Great unrest and critical debate was occurring amongst women. Women’s oppression and inequality was spurring them to become more vocal and active in campaigning for change. Then in 1908, 15,000 women marched through New York City demanding shorter hours, better pay and voting rights.
In accordance with a declaration by the Socialist Party of America, the first National Woman’s Day (NWD) was observed across the United States on February 28. Women continued to celebrate NWD on the last Sunday of February until 1913.
In 1910 a second International Conference of Working Women was held in Copenhagen. A woman named a Clara Zetkin (Leader of the ‘Women’s Office’ for the Social Democratic Party in Germany) tabled the idea of an International Women’s Day. She proposed that every year in every country there should be a celebration on the same day — a Women’s Day — to press for their demands.
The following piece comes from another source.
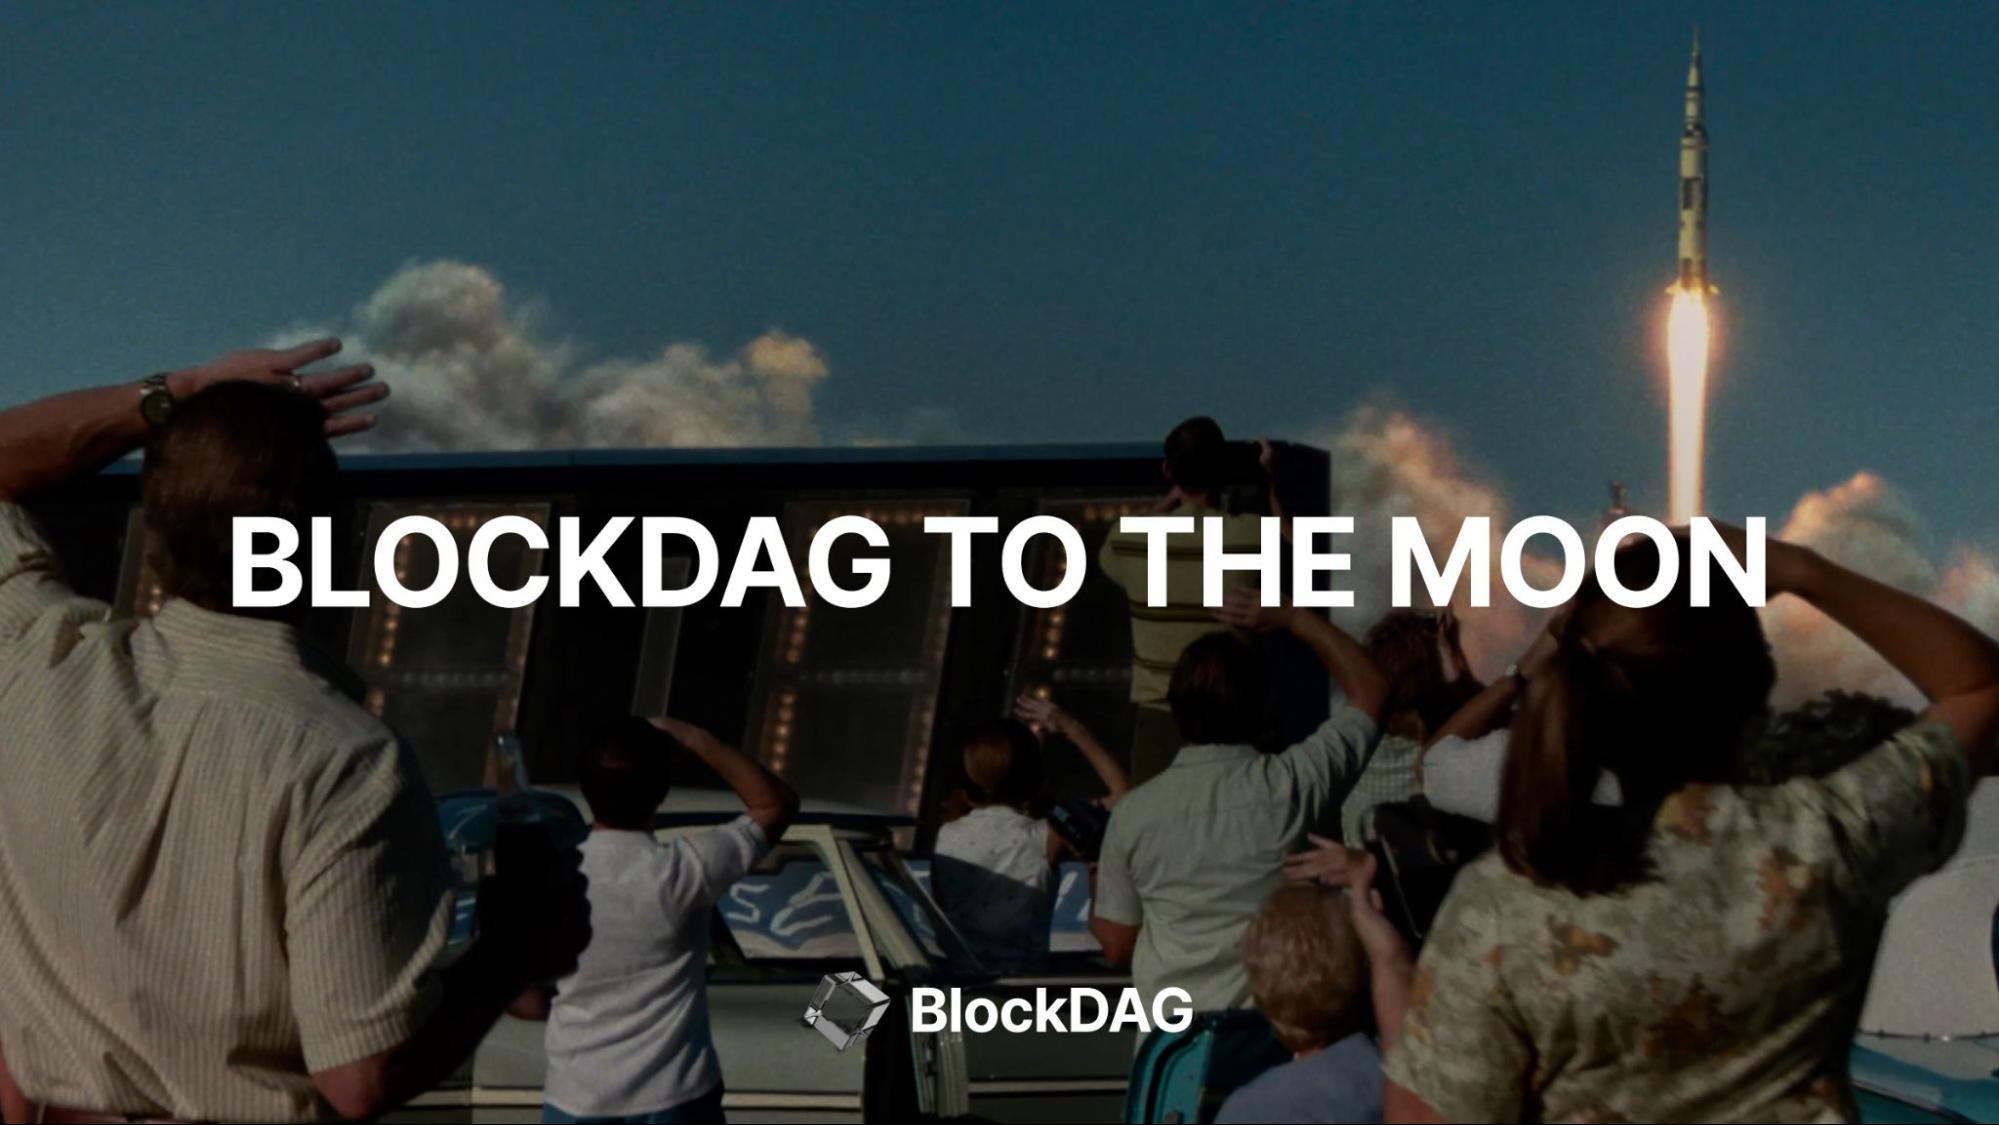 , With $34M Raised, BlockDAG Network Just Announced its Second Video Release: “Countdown to Keynote 2 From the Moon”

The conference of over 100 women from 17 countries, representing unions, socialist parties, working women’s clubs, and including the first three women elected to the Finnish parliament, greeted Zetkin’s suggestion with unanimous approval and thus International Women’s Day was the result.
Following the decision agreed at Copenhagen in 1911, International Women’s Day (IWD) was honoured the first time in Austria, Denmark, Germany and Switzerland on 19 March. More than 1mn women and men attended IWD rallies campaigning for women’s rights to work, vote, be trained, to hold public office and end discrimination. However less than a week later on March 25, the tragic ‘Triangle Fire’ in New York City took the lives of more than 140 working women, most of them Italian and Jewish immigrants. This disastrous event drew significant attention to working conditions and labour legislation in the United States that became a focus of subsequent International Women’s Day events. 1911 also saw women’s ‘Bread and Roses’ campaign.
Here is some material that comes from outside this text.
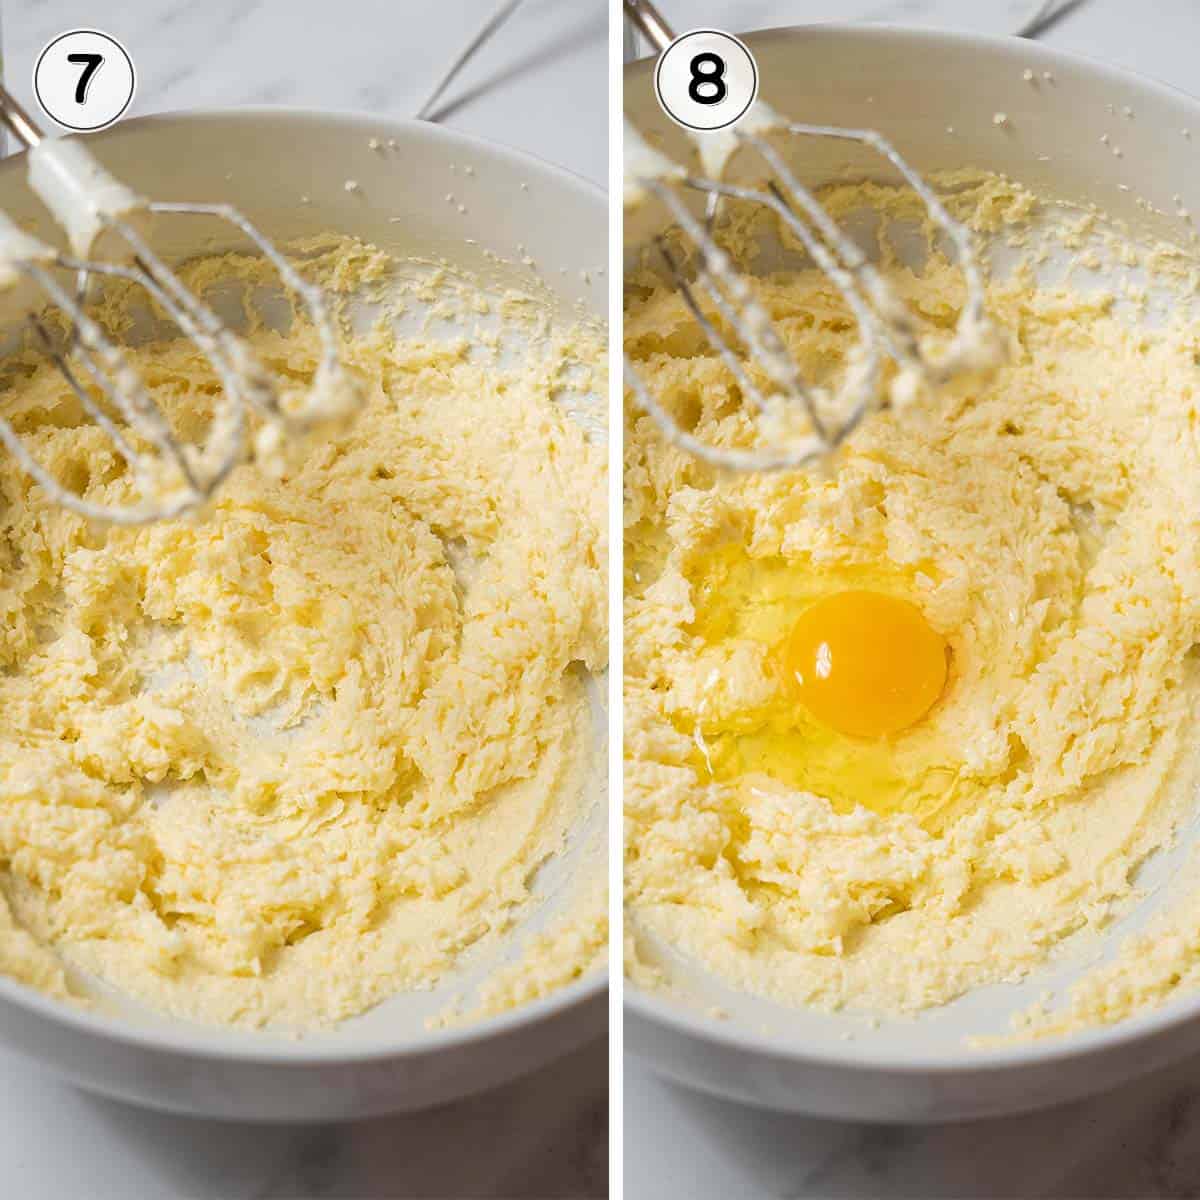 beating the butter and sugar and adding the eggs.

On the eve of World War I campaigning for peace, Russian women observed their first International Women’s Day on the last Sunday in February 1913. In 1913 following discussions, International Women’s Day was transferred to March 8 and this day has remained the global date for International Women’s Day ever since. In 1914 more women across Europe held rallies to campaign against the war and to express women’s solidarity.
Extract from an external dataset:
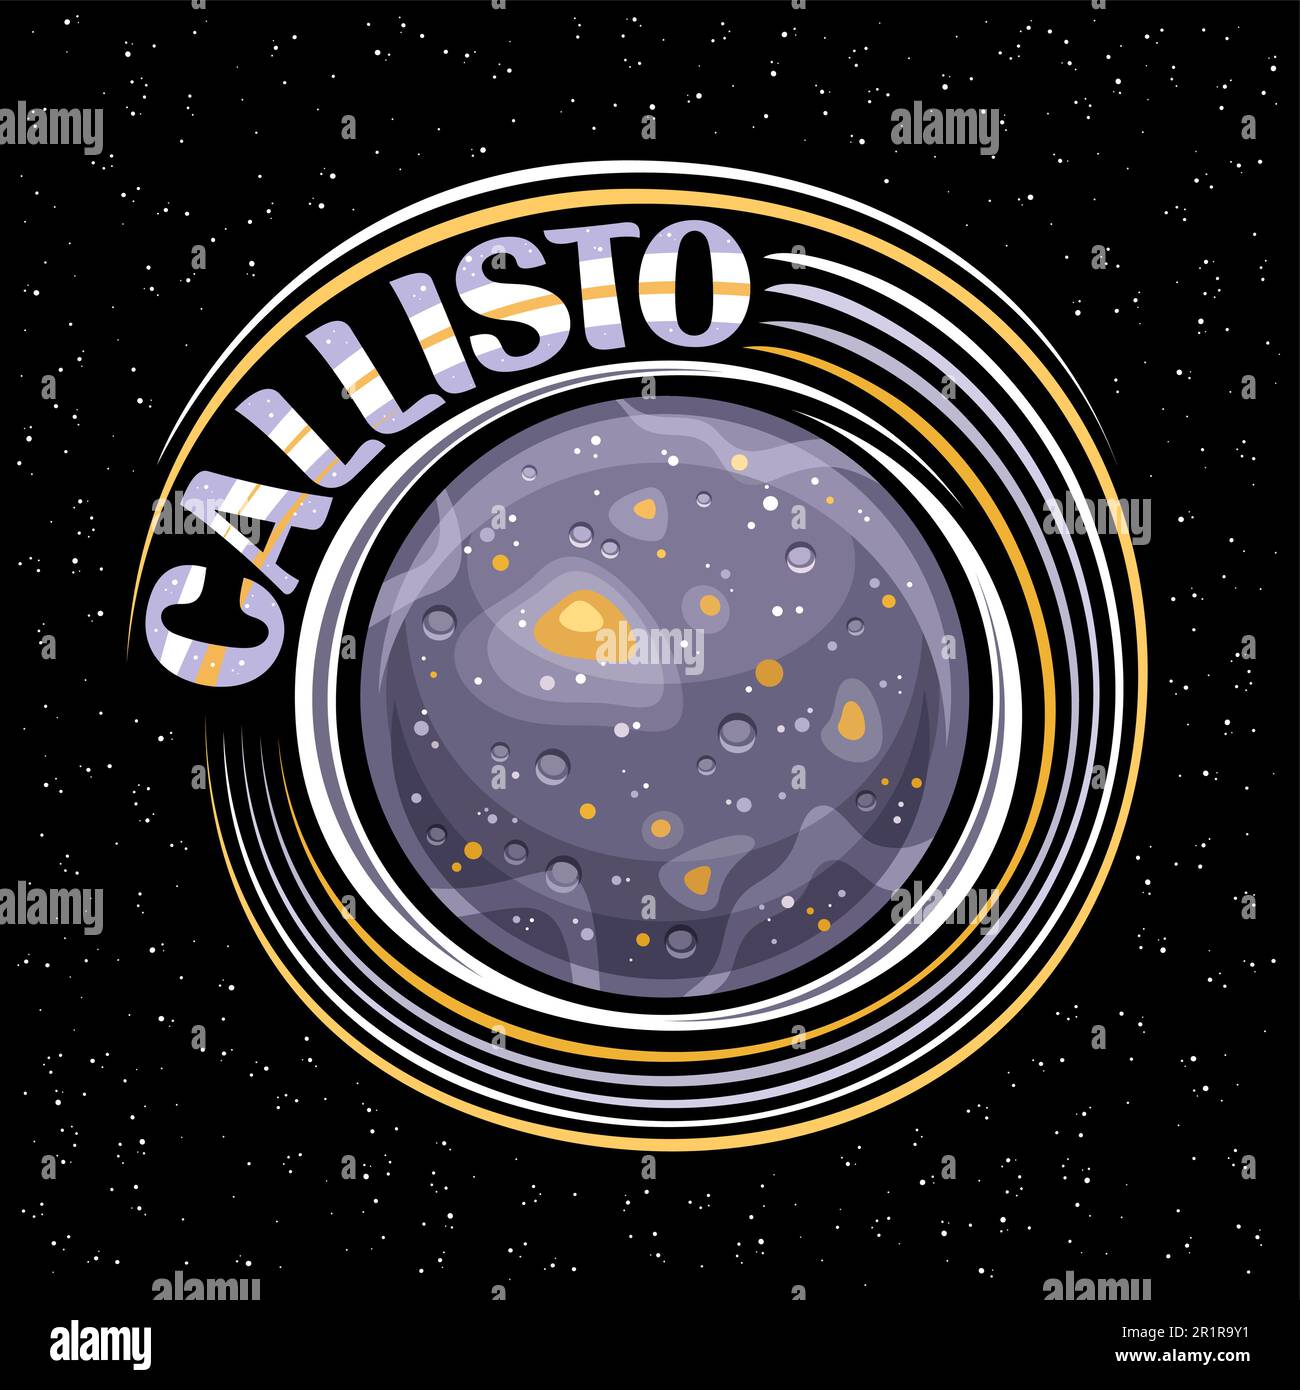 Vector logo for Callisto, decorative fantasy print with rotating moon callisto, stone surface with craters and mountains, cosmo badge with unique lett Stock Vector

On the last Sunday of February, Russian women began a strike for “bread and peace” in response to the death over 2mn Russian soldiers in war. Opposed by political leaders the women continued to strike until four days later the Czar was forced to abdicate and the provisional Government granted women the right to vote. The date the women’s strike commenced was February 23 on the Julian calendar then in use in Russia. This day on the Gregorian calendar in use elsewhere was March 8.
Since its birth in the socialist movement, International Women’s Day has grown to become a global day of recognition and celebration across developed and developing countries alike. For decades, IWD has grown from strength to strength annually. For many years the United Nations has held an annual IWD conference to co-ordinate international efforts for women’s rights and participation in social, political and economic processes. 1975 was designated as ‘International Women’s Year’ by the United Nations. Women’s organisations and governments around the world have also observed IWD annually on March 8 by holding large-scale events that honour women’s advancement and while diligently reminding of the continued vigilance and action required to ensure that women’s equality is gained and maintained in all aspects of life.
2000 and beyond
IWD is now an official holiday in Afghanistan, Armenia, Azerbaijan, Belarus, Burkina Faso, Cambodia, China (for women only), Cuba, Georgia, Guinea-Bissau, Eritrea, Kazakhstan, Kyrgyzstan, Laos, Madagascar (for women only), Moldova, Mongolia, Montenegro, Nepal (for women only), Russia, Tajikistan, Turkmenistan, Uganda, Ukraine, Uzbekistan, Vietnam and Zambia. The tradition sees men honouring their mothers, wives, girlfriends and colleagues, with flowers and small gifts. In some countries IWD has the equivalent status of Mother’s Day where children give small presents to their mothers and grandmothers.